Gut erstmal genug geschrieben, ich hoffe ich konnte alle Klarheiten beseitigen. Gefundene Rechtschreibfehler dürfen behalten werden und dienen der Erheiterung des Lesers. Ebenso können einige Bezeichnungen abweichen, da ich den englischen Client nutze und es nur grob ins deutsche übersetzt haben.

mfg Zyondor


----------



## Arsokan (3. März 2008)

Was das "Craftsystem" angeht:

Nutze das Tutorial. Dort ist es wunderbar erklärt.
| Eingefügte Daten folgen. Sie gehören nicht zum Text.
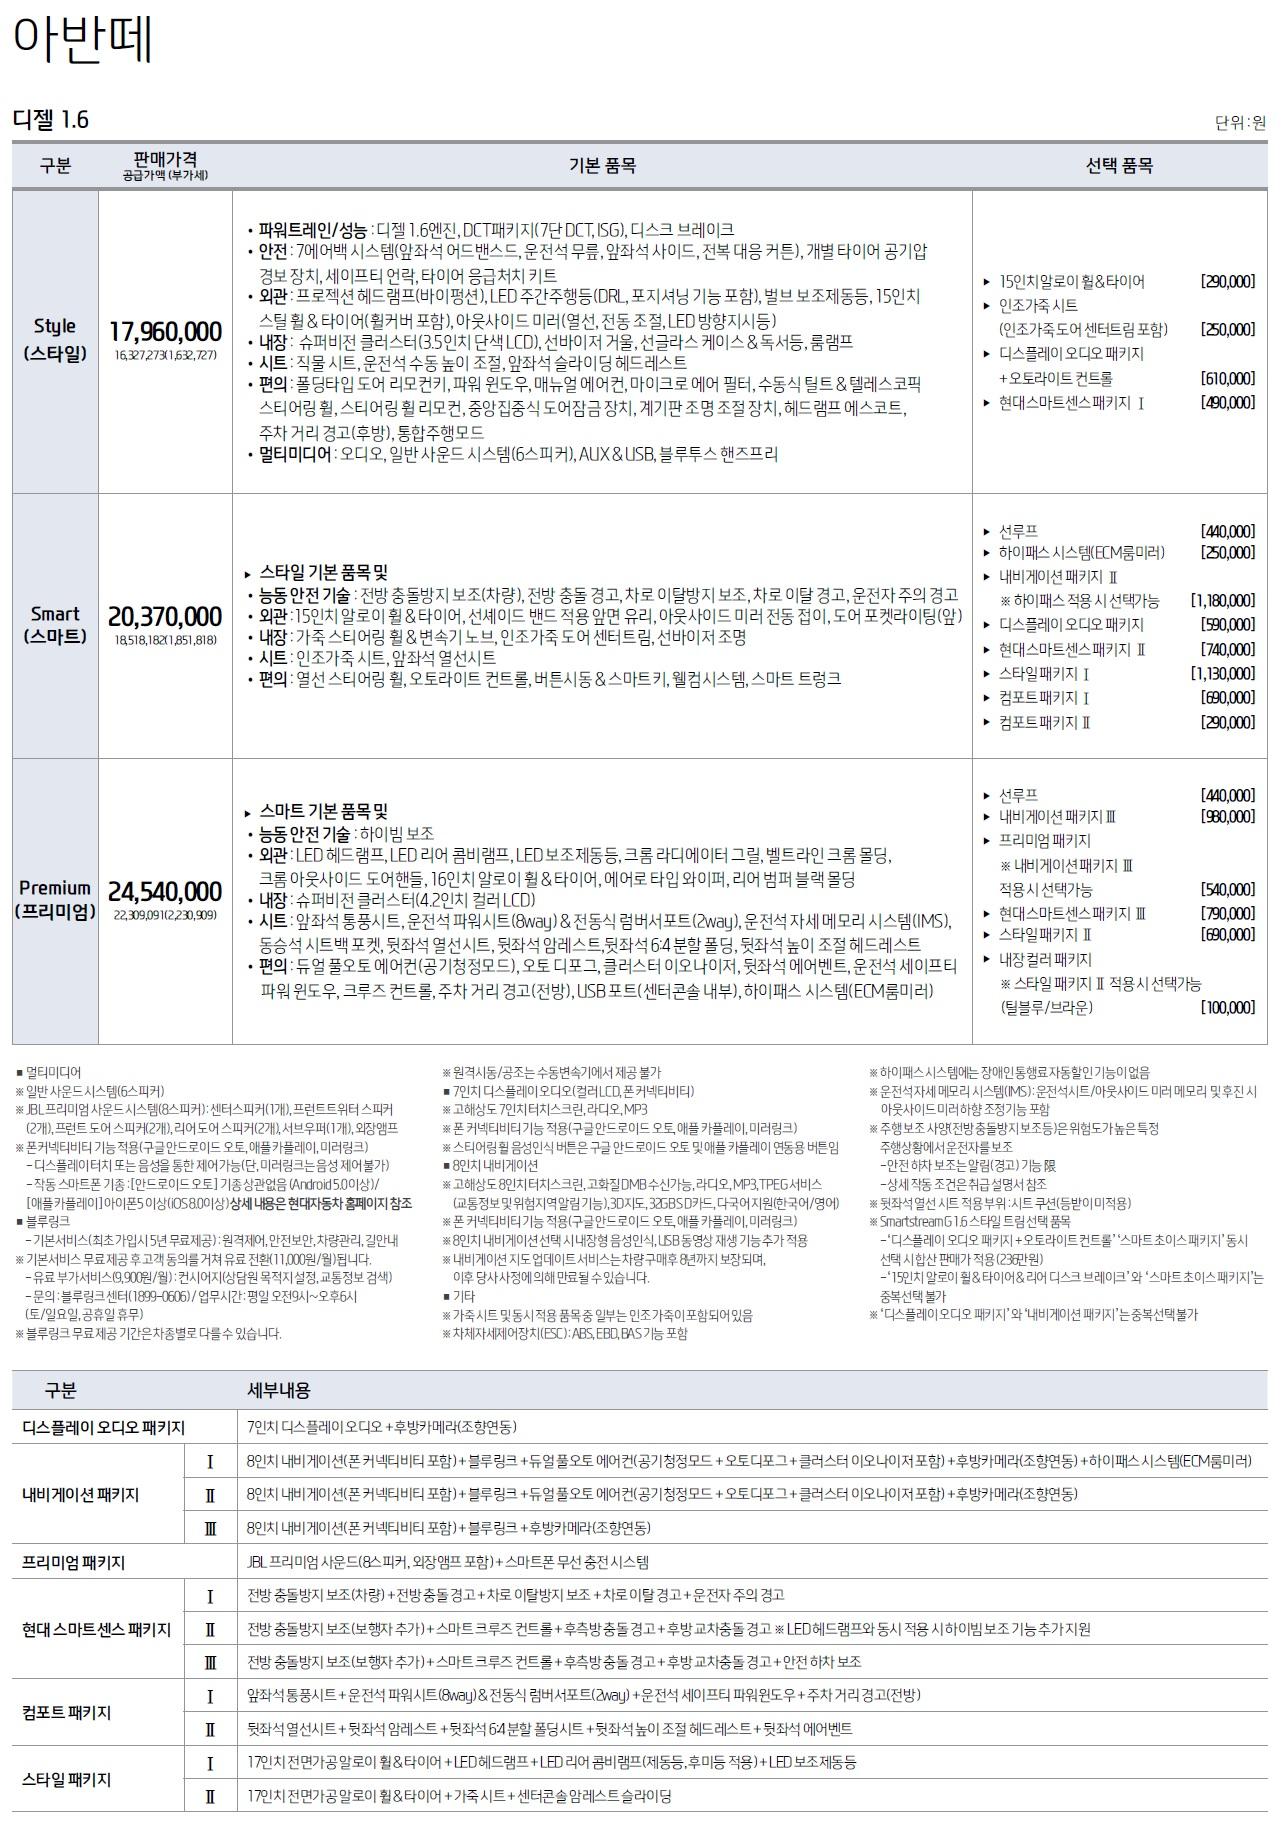 더뉴아반떼 가격표 - 2018년 9월 -3.jpg

Im Grunde ist es genau so, wie es mein Vorredner erklärt hat. Wobei man hier einiges beachten muss, wenn man es "Sinnvoll" machen möchte. 

Zunächst solltest du ein paar Basisskills haben. 
Production efficiency auf 5: Sonst zahlst du pro fehlenden Level zum Max 5% mehr Rohstoffe!
Industry: Weniger Zeit=weniger Kosten für den Slot zum Bauen!
Mass Production: So kannst du pro Level einen weiteren Job parallel laufen lassen (das beinhaltet auch Jobs in "Warteposition").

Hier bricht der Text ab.